All of lore.kernel.org
 help / color / mirror / Atom feed
From: Vincent Guittot <vincent.guittot@linaro.org>
To: Mel Gorman <mgorman@techsingularity.net>
Cc: Peter Zijlstra <peterz@infradead.org>,
	Ingo Molnar <mingo@kernel.org>, Phil Auld <pauld@redhat.com>,
	Valentin Schneider <valentin.schneider@arm.com>,
	Srikar Dronamraju <srikar@linux.vnet.ibm.com>,
	Quentin Perret <quentin.perret@arm.com>,
	Dietmar Eggemann <dietmar.eggemann@arm.com>,
	Morten Rasmussen <Morten.Rasmussen@arm.com>,
	Hillf Danton <hdanton@sina.com>, Parth Shah <parth@linux.ibm.com>,
	Rik van Riel <riel@surriel.com>,
	LKML <linux-kernel@vger.kernel.org>
Subject: Re: [PATCH] sched, fair: Allow a small degree of load imbalance between SD_NUMA domains v2
Date: Wed, 8 Jan 2020 17:46:57 +0100	[thread overview]
Message-ID: <20200108164657.GA16425@linaro.org> (raw)
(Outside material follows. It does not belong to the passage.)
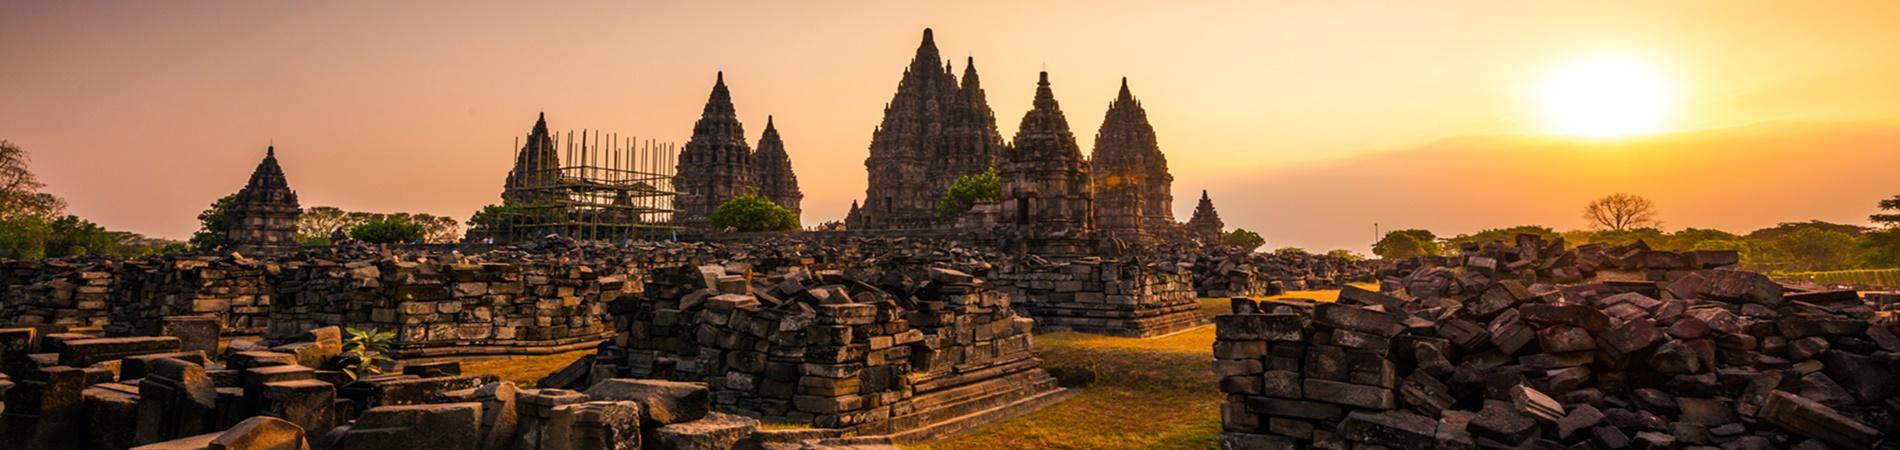 Prambanan – Simply Indo highs

In-Reply-To: <20200108140349.GL3466@techsingularity.net>

Le Wednesday 08 Jan 2020 à 14:03:49 (+0000), Mel Gorman a écrit :
> On Wed, Jan 08, 2020 at 02:18:58PM +0100, Peter Zijlstra wrote:
> > On Tue, Jan 07, 2020 at 08:24:06PM +0000, Mel Gorman wrote:
> > > Now I get you, but unfortunately it also would not work out. The number
> > > of groups is not related to the LLC except in some specific cases.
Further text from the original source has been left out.